Dans un livre qui lui est dédié, > Marie Métrailler, raconte qu’à Evolène, il arrivait que des gens ne rentrent pas du travail. Les proches trouvaient les disparus recroquevillés dans un sillon. Ils avaient tu leur douleur jusqu'au jour où ils étaient sortis pour mourir.
Jean Troillet n’est pas non plus un homme de grands mots. Enfant déjà, il admirait son frère, de cinq ans son aîné, qui lui apprenait à grimper. Daniel se tenait en silence lors des randonnées et ne parlait que lorsque c’était nécessaire : « Demain, nous ferons telle et telle montagne. Sois prêt à trois heures et demie ». – Il en allait de même pour son père : « Pendant les vacances d’été, tu iras à Gênes. Tu y apprendras la langue ». Et à la fin de la scolarité obligatoire, le fils entendit : « Tu vas partir en Allemagne pour un an ». Onze mois plus tard, Jean appela son père du nord de l’Allemagne. Celui-ci lui demanda : « Tu parles allemand maintenant ? » « Assez bien ». « Alors reste encore le douzième mois, et tu le maîtriseras parfaitement ».
Dans la famille d’accueil, Jean Troillet était entré dans le métier de chauffagiste. Maintenant, il suivait une formation de monteur en chauffage en Suisse. Le maître d’apprentissage encouragea son indépendance en confiant des réparations au jeune homme. Dans cette activité, il dut réfléchir et finit par comprendre sur quels points il fallait intervenir pour que le système fonctionne.
La même intelligence, orientée vers le déroulement logique et la réalisation des objectifs, est requise dans l’alpinisme. C’est donc logiquement que Jean Troillet obtint un diplôme de guide de montagne à 21 ans. Il avait en effet des antécédents familiaux, comme on dit. Son père dirigeait la colonne de secours. La famille était donc habituée aux accidents.

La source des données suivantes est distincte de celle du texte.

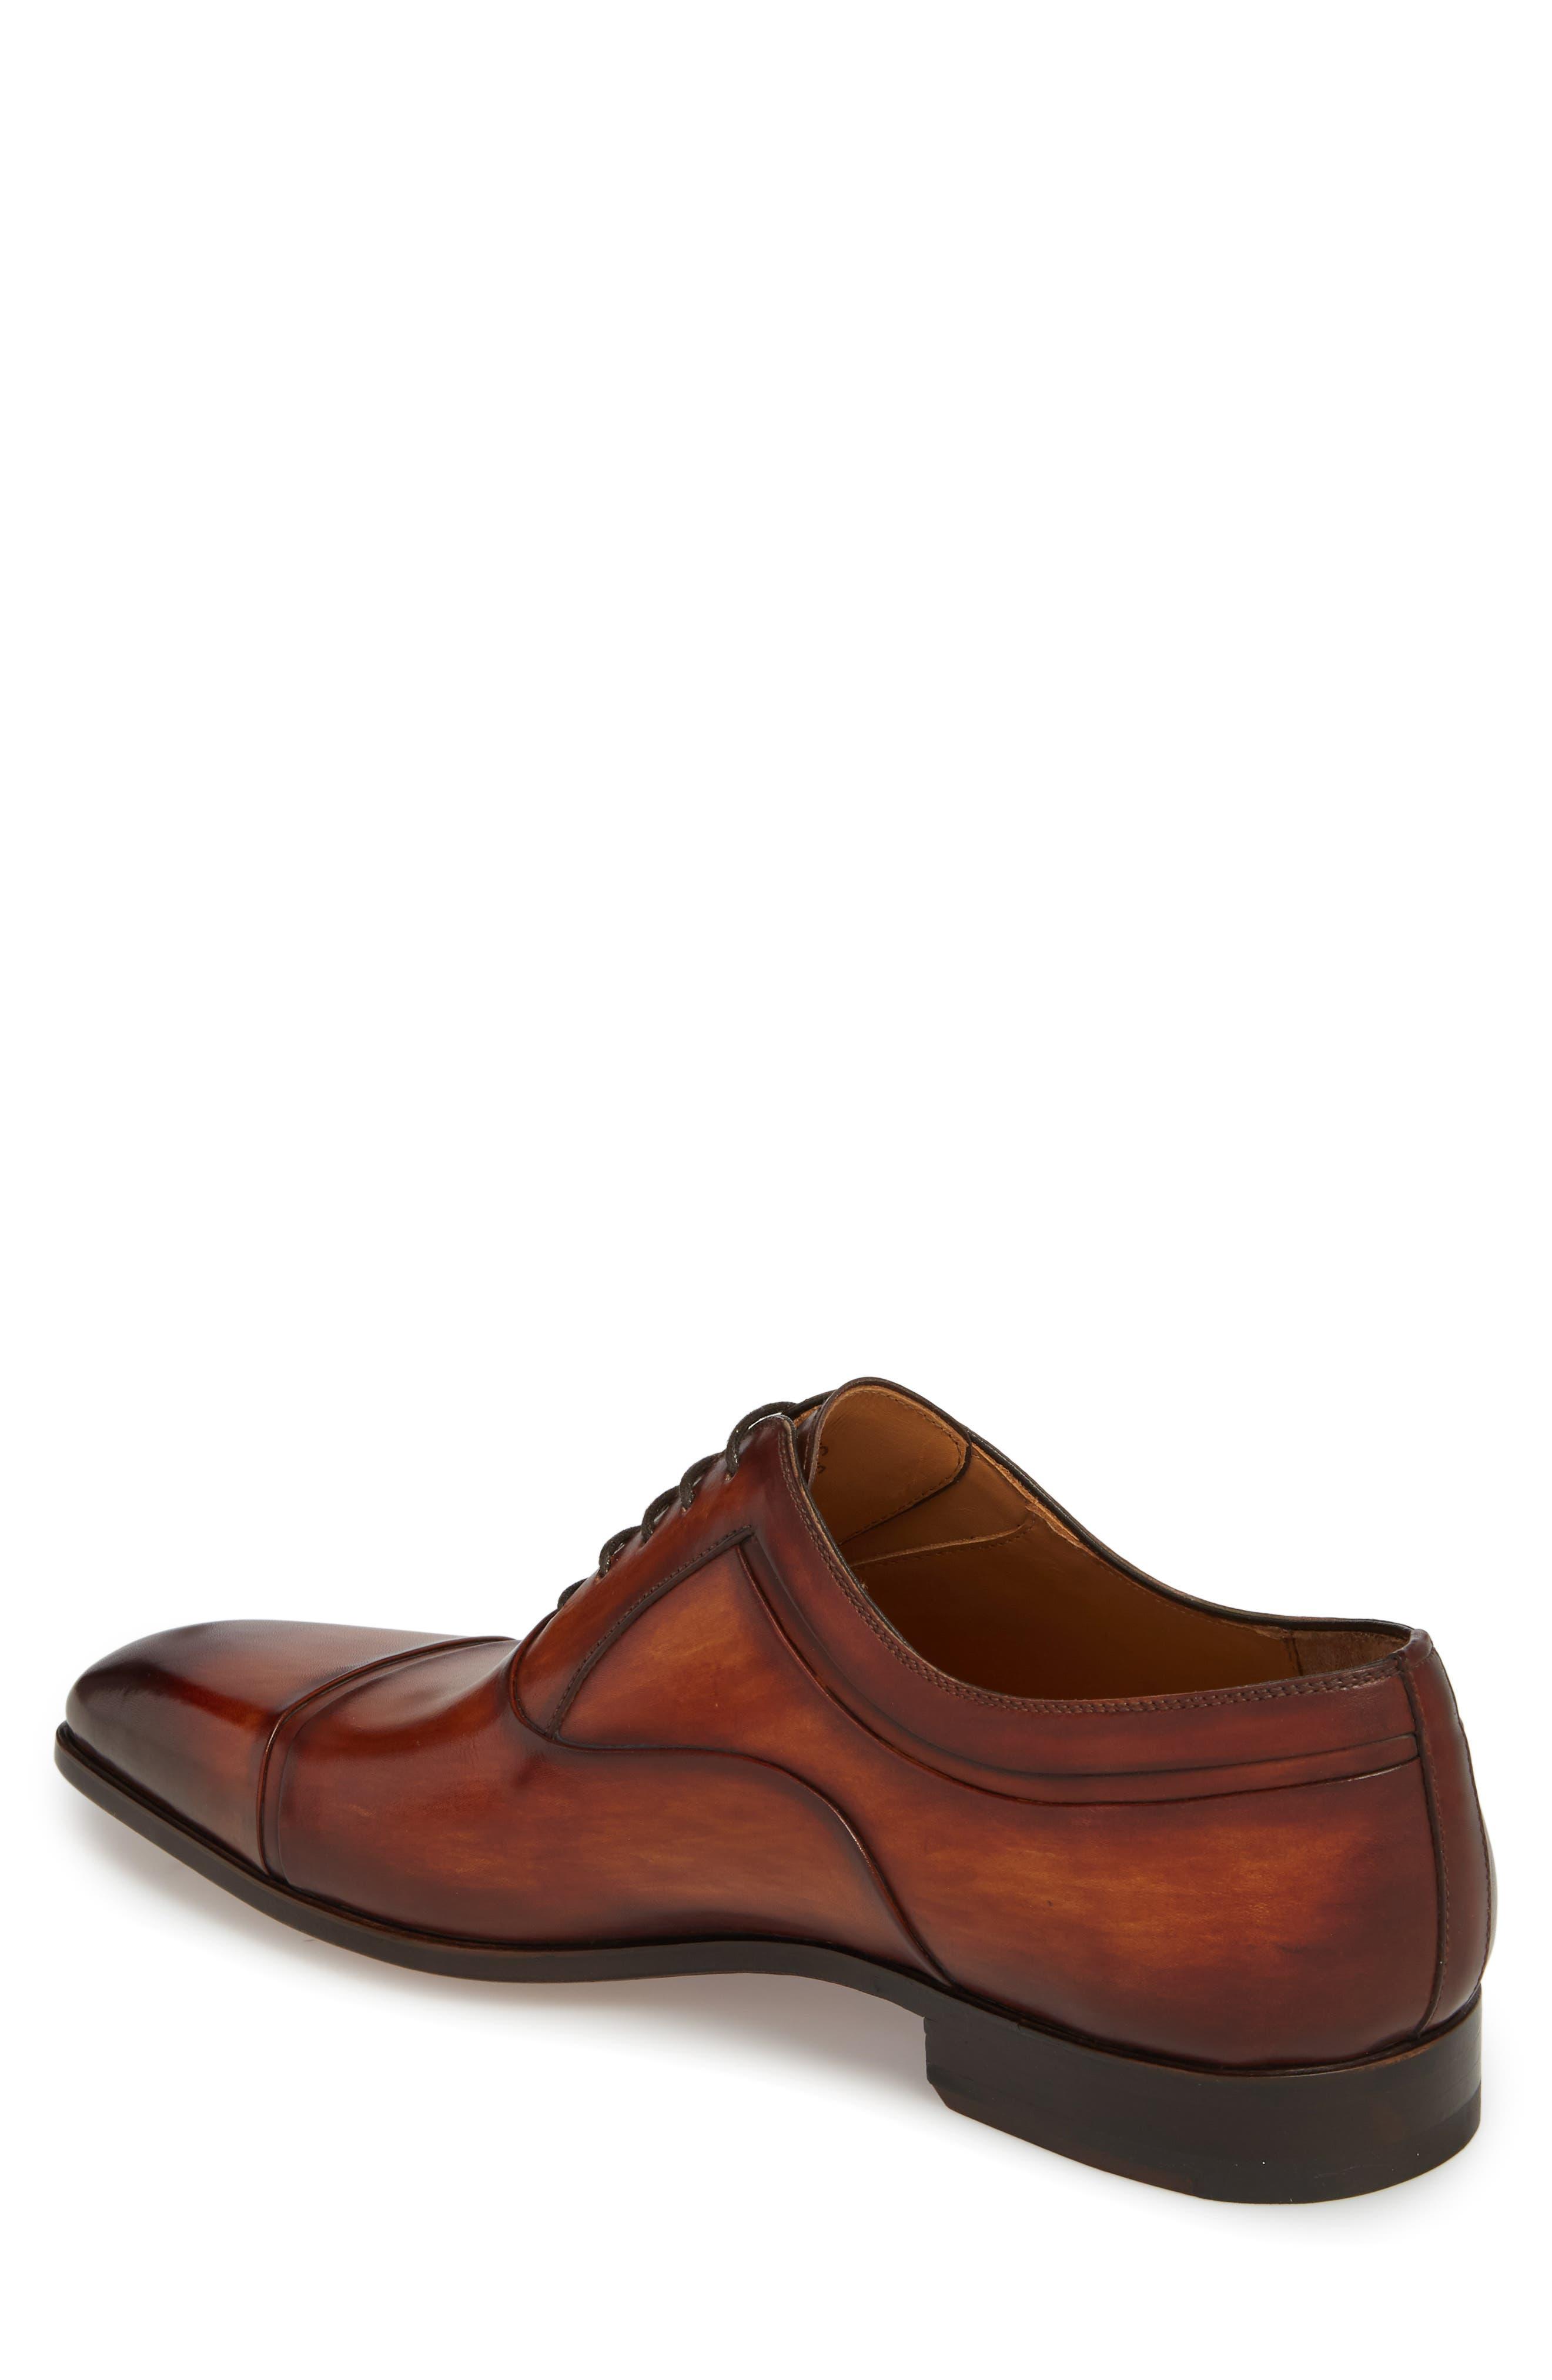 Tobin Cap Toe Oxford,                             Alternate thumbnail 2, color,                             Cognac Leather

Lors de sa troisième mission de guide, le groupe tomba sur Jean Troillet à la descente. Un membre fut tué. Jean Troillet fut transporté à l’hôpital par hélicoptère. Avec un sourire, le chef d’intervention lui fit un clin d’œil à travers ses lunettes, créant ainsi un lien sans paroles. Dans la chambre d’hôpital, le père s’approcha du lit. Jean fut submergé par l’émotion : « Mais papa posa silencieusement la main sur mes yeux. Il était là. Je ne l’oublierai jamais ». Les deux hommes communiquaient avec le langage des montagnards : « Celui qui sait bien se taire, sait aussi parler ». (Expression populaire allemande).
Pour les « Plans Fixes », > Jean-Claude Pont, lui-même guide de montagne et Valaisan, emmène Jean Troillet vers les moments forts de sa carrière : Diplôme d’héliski, nationalité canadienne, collaboration au luxueux magazine de voyage suisse « Animan », membre de l’équipage de Primagaz du navigateur suisse Laurent Bourgnon, détenteur d’un record de longue distance. Il en ressort que toutes ces sportifs forment une famille. Ce qui les caractérise, c’est leur capacité à se concentrer, combinée à la discipline et à la persévérance.
Depuis le début de l’année, Radio France-Info diffuse chaque dimanche soir, cinq minutes avant le journal de 22 heures, l’élément « Demain les jeux ». Il résume la rencontre entre le journaliste sportif Théo Curin et un athlète olympique français dans un taxi. Quelles que soient les disciplines rencontrées, les jeunes qui sont aujourd’hui au sommet ont un point commun : à l’instar de Jean Troillet, ils font preuve de modestie et s’en tiennent à la maxime :
Μή φθόνει τοίς εύτυχούσι, μή δοκής είναι κακός.
N’envie pas ceux qui sont très heureux, sinon tu te mets toi-même dans l’embarras.